**Information provided:**

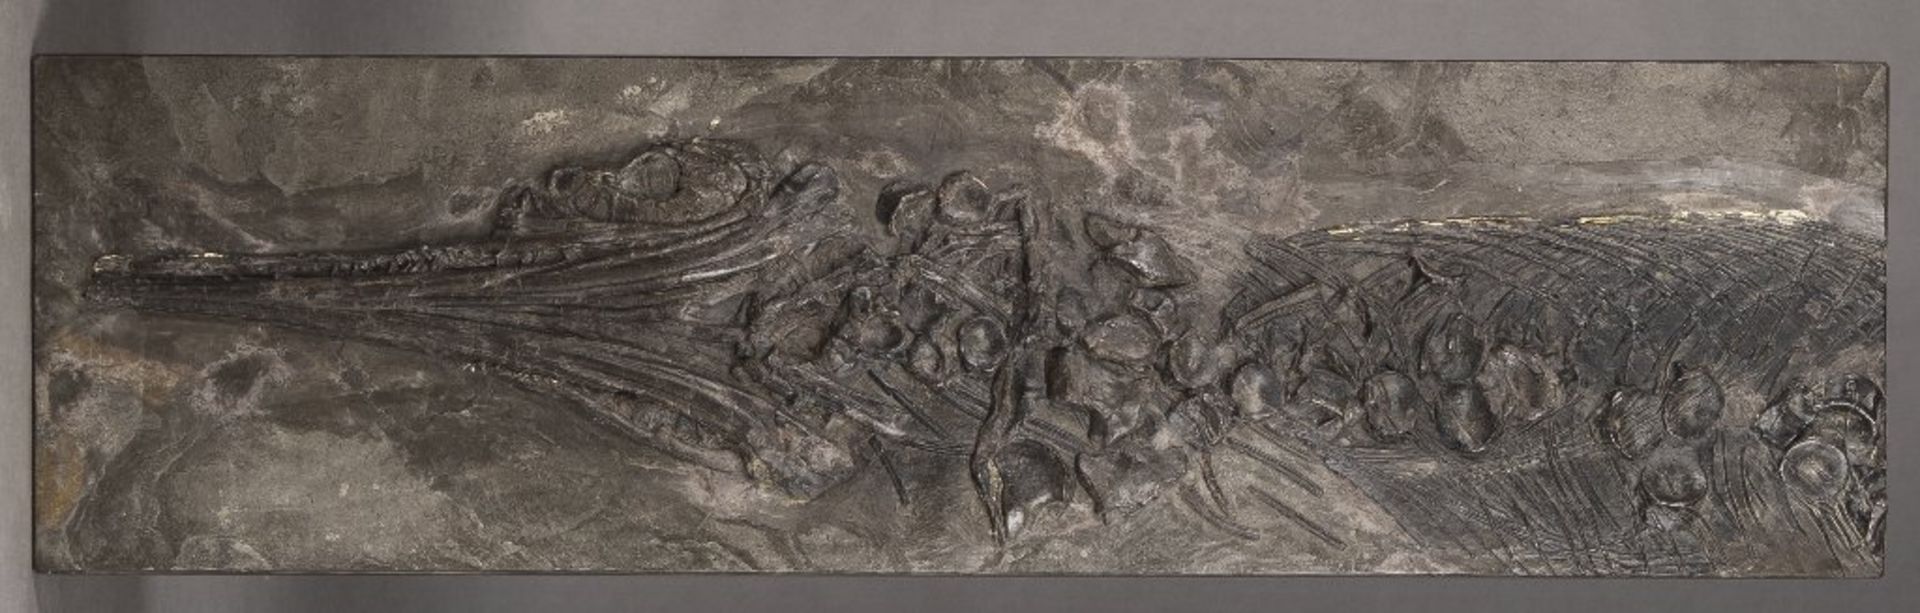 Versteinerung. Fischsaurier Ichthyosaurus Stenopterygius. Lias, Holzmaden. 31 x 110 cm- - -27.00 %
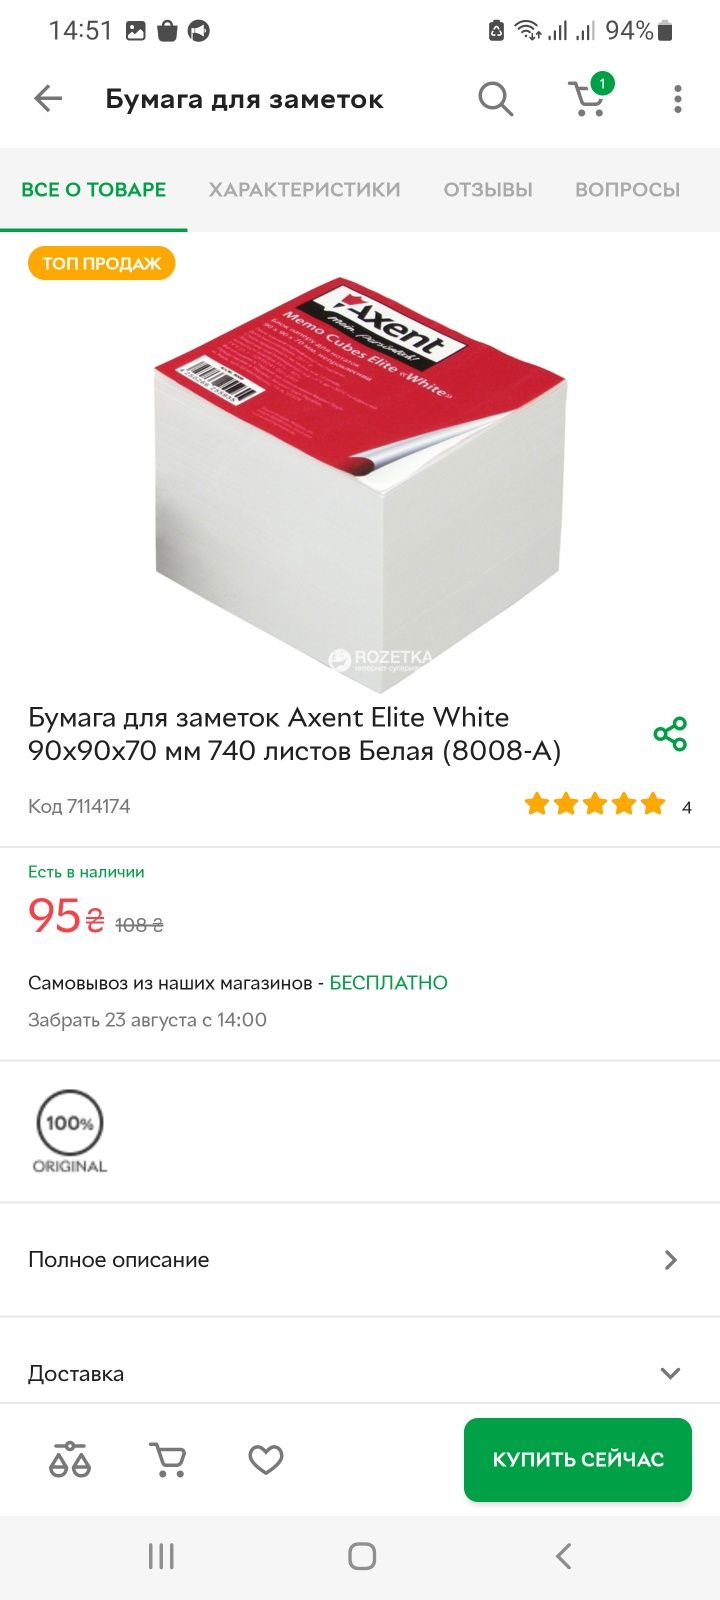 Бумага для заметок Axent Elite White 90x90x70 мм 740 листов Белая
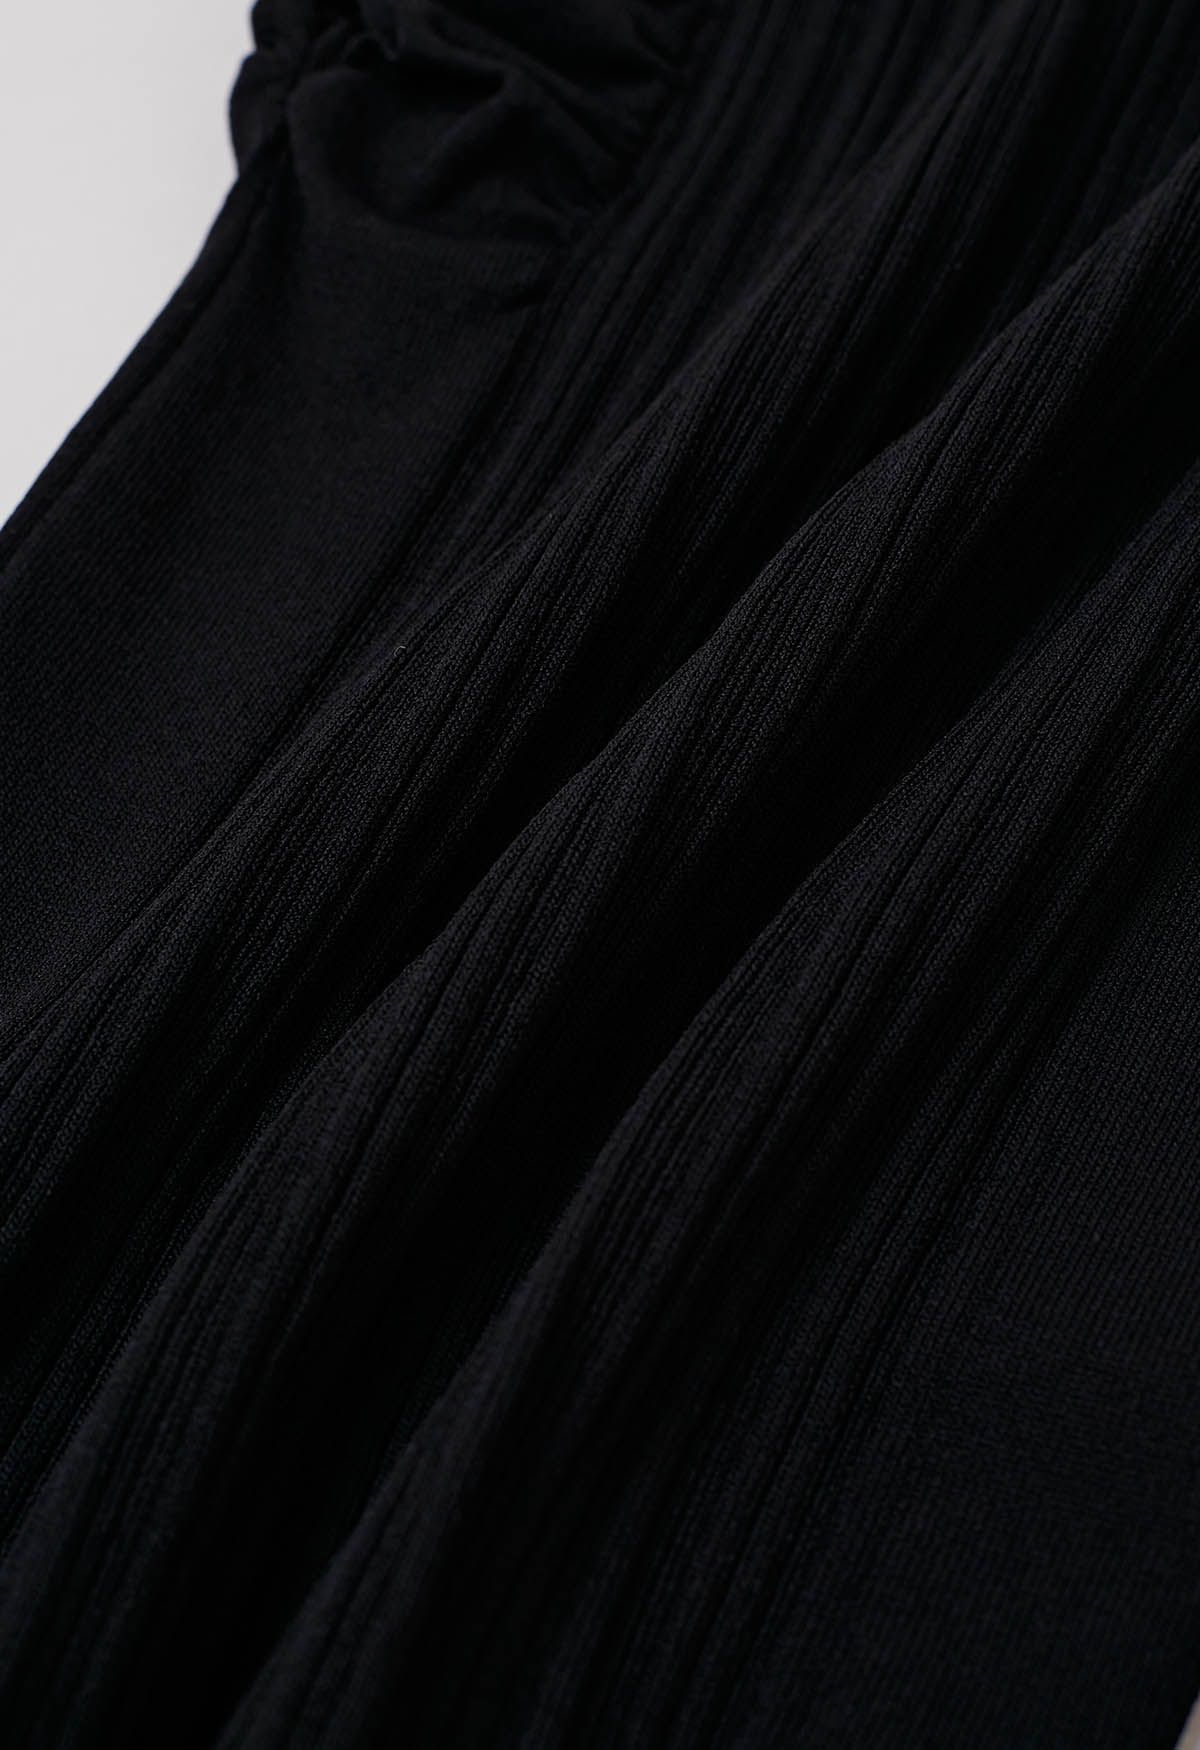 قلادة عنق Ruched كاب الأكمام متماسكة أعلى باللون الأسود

**The task:** All that should be printed is the lines from the one containing "Бумага для заметок" through the last line of the material above, both ends included, exactly as they stand; please skip the pictures.

**Exercise result:**
 Бумага для заметок Axent Elite White 90x90x70 мм 740 листов Белая
 قلادة عنق Ruched كاب الأكمام متماسكة أعلى باللون الأسود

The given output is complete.